ECLI:NL:TGZRAMS:2024:119 Regionaal Tuchtcollege voor de Gezondheidszorg Amsterdam A2023/5685
ECLI: | ECLI:NL:TGZRAMS:2024:119 |
---|---|
Datum uitspraak: | 21-05-2024 |
Datum publicatie: | 21-05-2024 |
Zaaknummer(s): | A2023/5685 |
Onderwerp: | Onvoldoende informatie |
Beslissingen: | Gegrond, waarschuwing |
Inhoudsindicatie: | Deels gegronde klacht tegen een kaakchirurg. De kaakchirurg heeft bij klaagster een operatie uitgevoerd om haar gezicht te vervrouwelijken (facial feminization surgery). Klaagster verwijt de kaakchirurg dat zij haar niet goed heeft geïnformeerd over het risico op een beschadiging van de zenuw. Uit het medisch dossier kan het college niet opmaken wat de kaakchirurg precies met klaagster heeft besproken. De aantekeningen van de kaakchirurg in het dossier zijn hiervoor te summier. In het dossier is wel genoteerd dat is gesproken over complicaties, waarbij nervusletsel als mogelijke complicatie is genoemd, maar het ging bij klaagster over verschillende ingrepen, zoals een voorhoofdcorrectie met wenkbrauwlift en haarlijncorrectie, kincorrectie, kaakhoekreductie en jukbeencorrectie. De informatie over het risico op complicaties lijkt niet toegespitst te zijn op de verschillende onderdelen van de operatie, zoals de kincorrectie. Bij een dergelijke ingrijpende operatie is uitgebreide voorlichting cruciaal. Daarvoor is ook voldoende tijd beschikbaar omdat het om een geplande operatie gaat. Het college kan niet vaststellen dat de kaakchirurg adequate voorlichting heeft gegeven over het hoge risico op blijvende zenuwschade. Dit klachtonderdeel is gegrond. Het gaat hier om een belangrijk patiëntenrecht. Daarom acht het college een waarschuwing passend en geboden. Het overige klachtonderdeel is ongegrond verklaard. Klacht deels gegrond verklaard, waarschuwing. |
REGIONAAL TUCHTCOLLEGE VOOR DE GEZONDHEIDSZORG
AMSTERDAM
Beslissing van 21 mei 2024 op de klacht van:
A,
wonende in B,
klaagster,
tegen
C,
kaakchirurg,
werkzaam in D,
verweerster, hierna ook: de kaakchirurg,
gemachtigde: mr. A.L.J. Domevscek, werkzaam in Amsterdam.

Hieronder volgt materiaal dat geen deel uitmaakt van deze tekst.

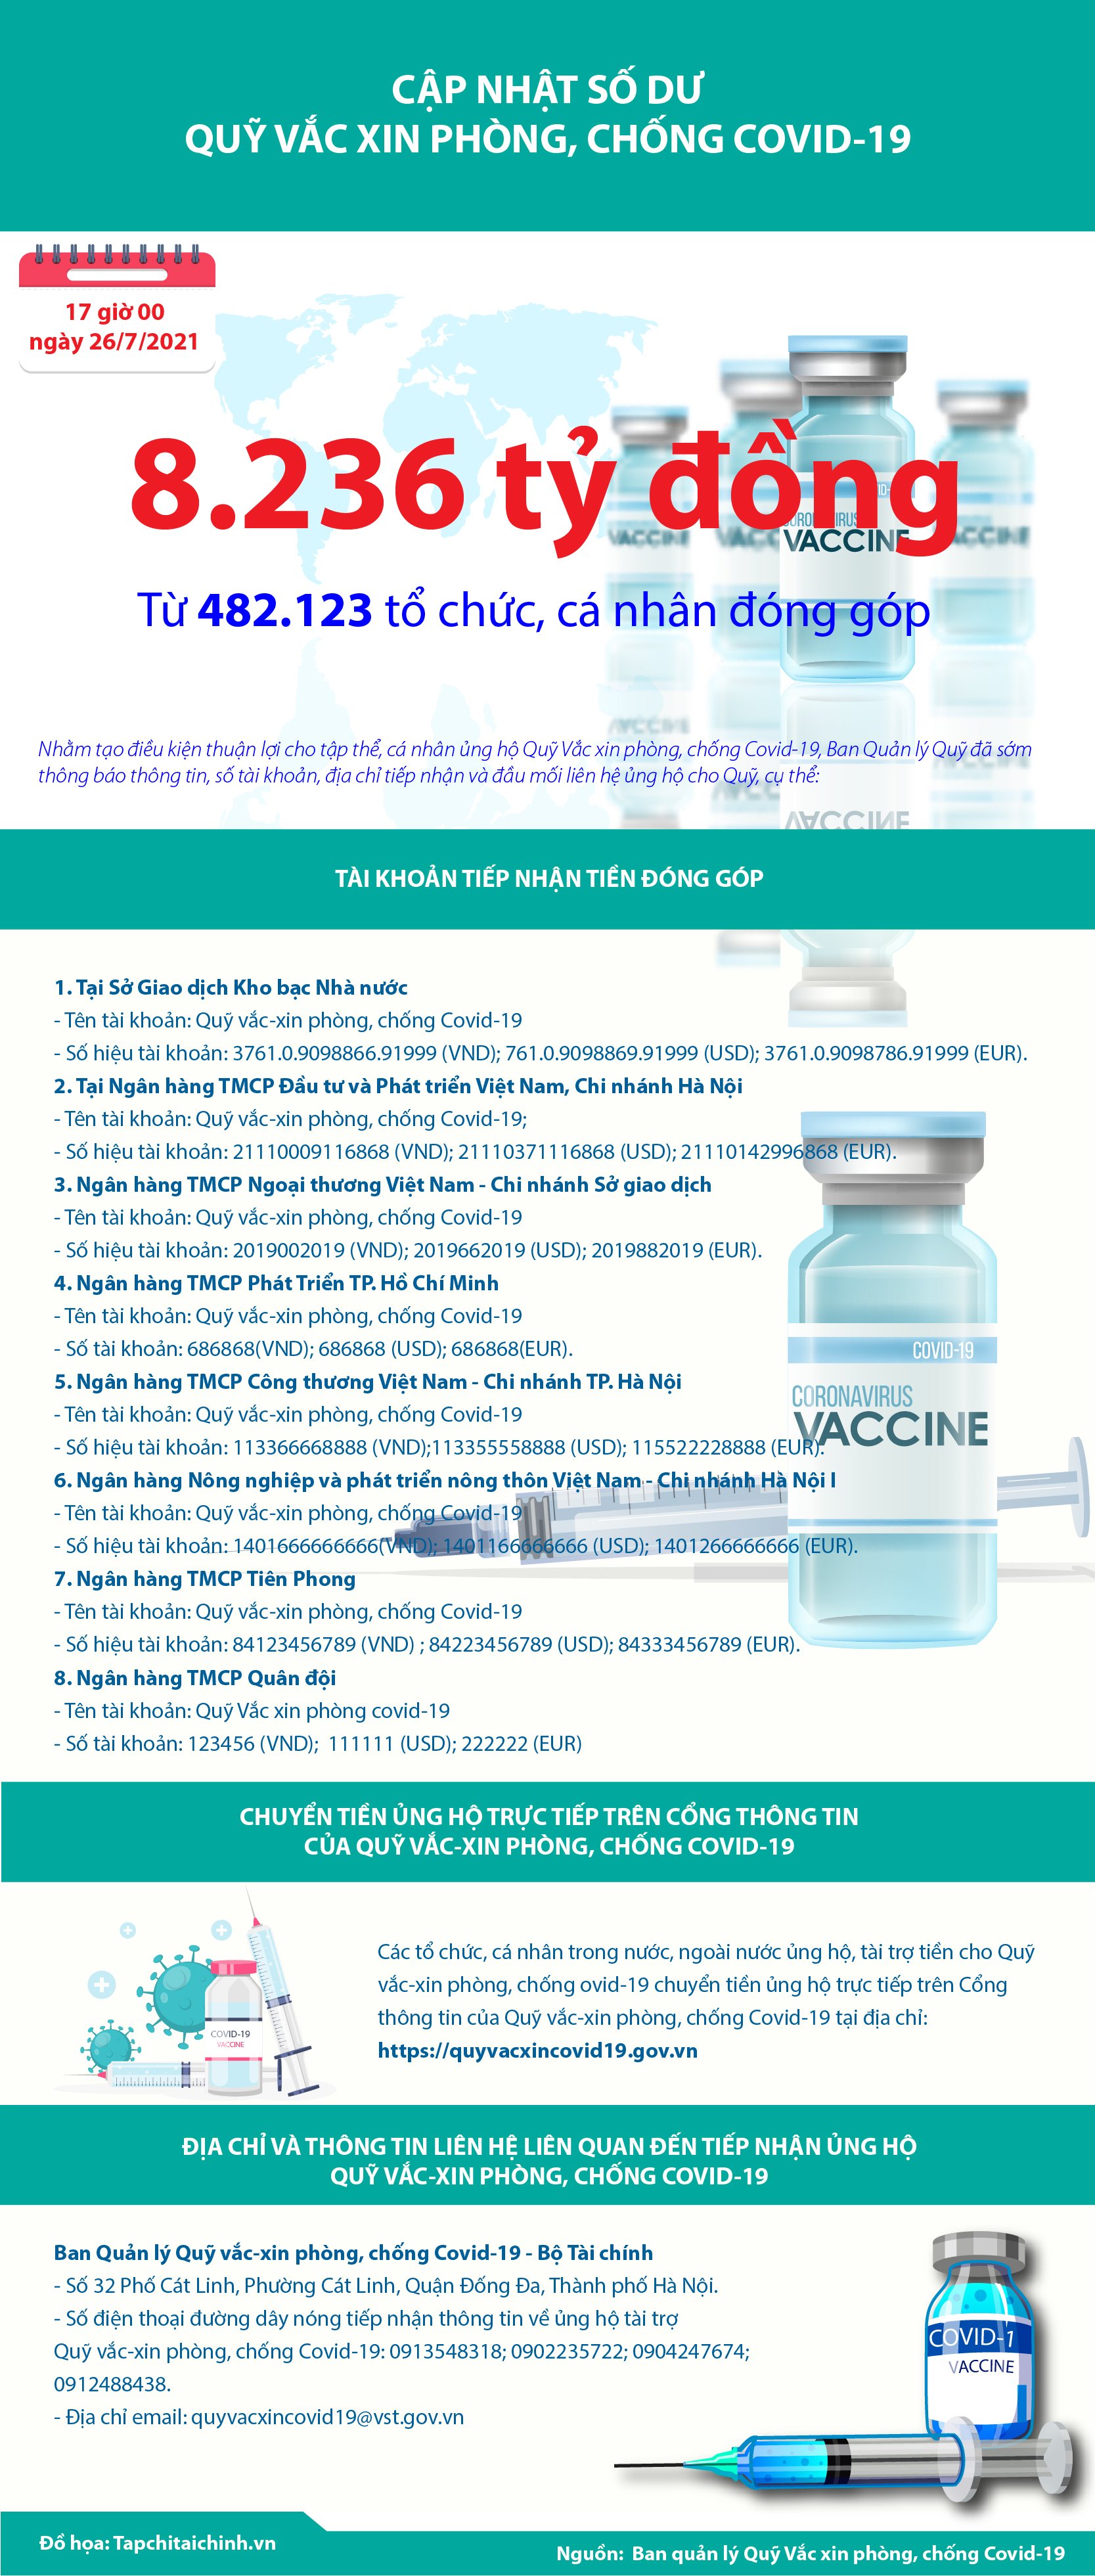 [Infographics] Quỹ Vắc xin phòng, chống Covid-19 đã tiếp nhận ủng hộ 8.236 tỷ đồng - Ảnh 1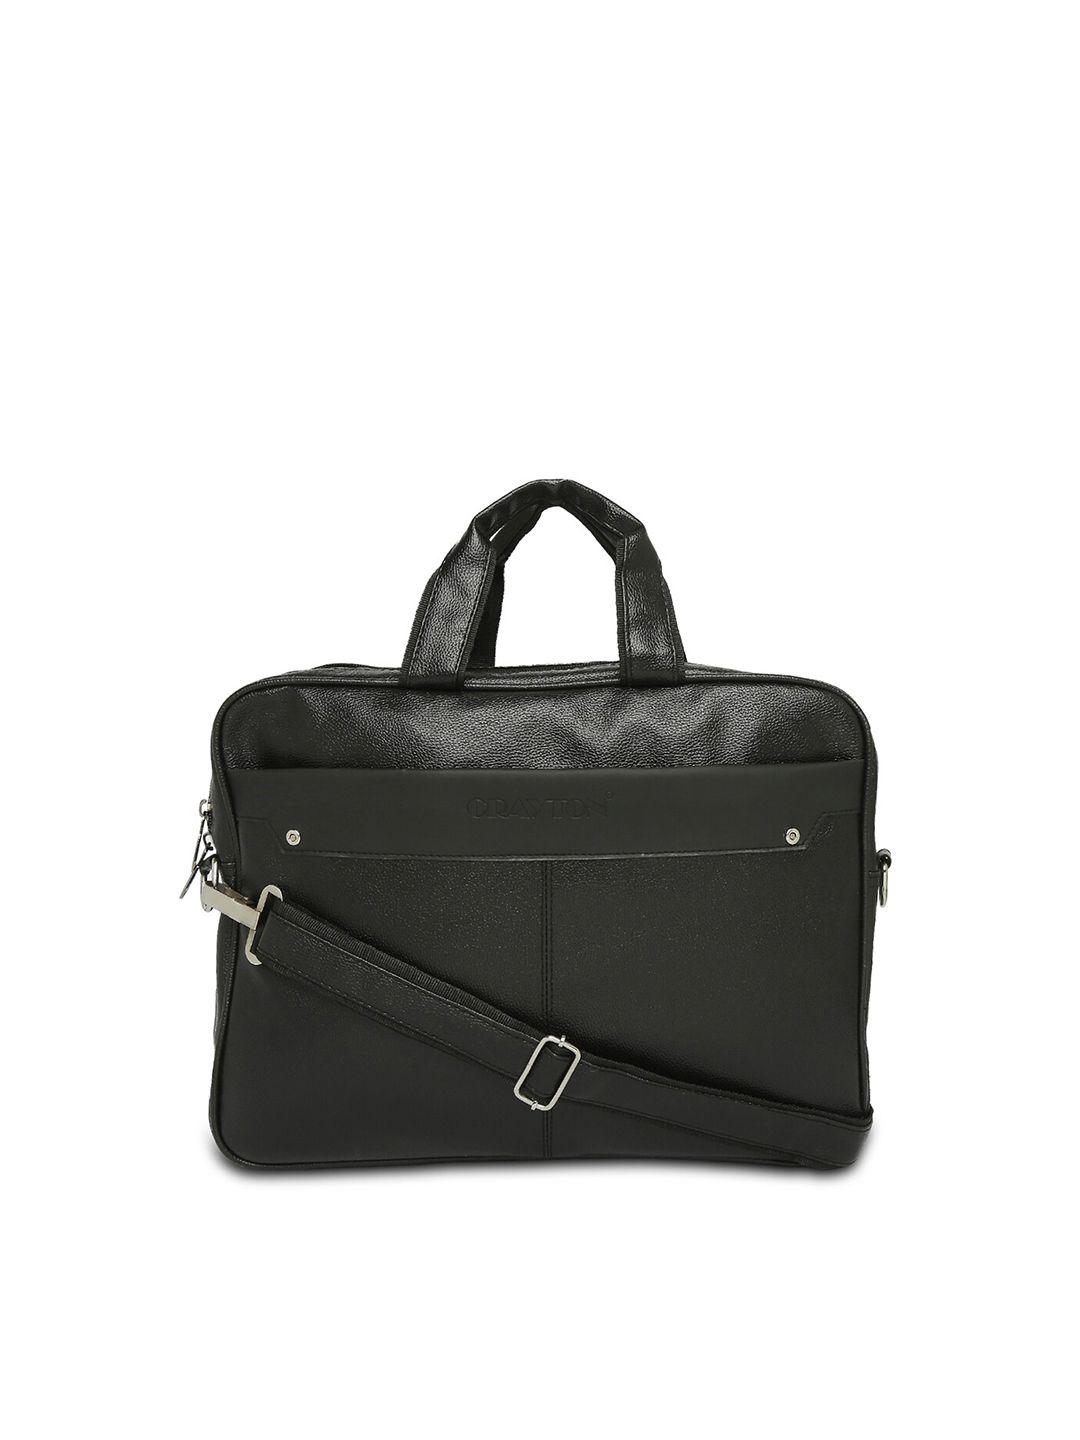 crayton vegan leather 15 inch laptop bag

1. Waar gaat de zaak over?
1.1 De kaakchirurg heeft in 2017 bij klaagster een operatie uitgevoerd om haar gezicht
te vervrouwelijken (facial feminization surgery). Tijdens de operatie is aan beide
zijden van de onderkaak een zenuw beschadigd geraakt. Sinds dat moment heeft klaagster
last van een blijvende gevoelsverandering in haar kin en onderlip. Klaagster verwijt
de kaakchirurg dat zij haar niet goed heeft geïnformeerd over het risico op een beschadiging
van de zenuw.
1.2 Het college komt tot het oordeel dat de klacht deels gegrond is. Hierna vermeldt het college eerst hoe de procedure is verlopen. Daarna licht het college de beslissing toe.
2. De procedure
2.1 Het college heeft de volgende stukken ontvangen:
- het klaagschrift met de bijlagen, ontvangen op 1 juni 2023;
- het verweerschrift met de bijlagen;
- het proces-verbaal van het op 31 oktober 2023 gehouden mondelinge vooronderzoek;
- de brief van de gemachtigde van de kaakchirurg van 27 februari 2024, binnengekomen
op 28 februari 2024, met de bijlage;
- de brief van de gemachtigde van de kaakchirurg van 12 maart 2024, binnengekomen
op 14 maart 2024, met de bijlage;
- de e-mail van de gemachtigde van de kaakchirurg van 26 maart 2024, met de bijlage;
- de e-mail van klaagster van 2 april 2024;
- de e-mail van de gemachtigde van de kaakchirurg van 23 april 2024.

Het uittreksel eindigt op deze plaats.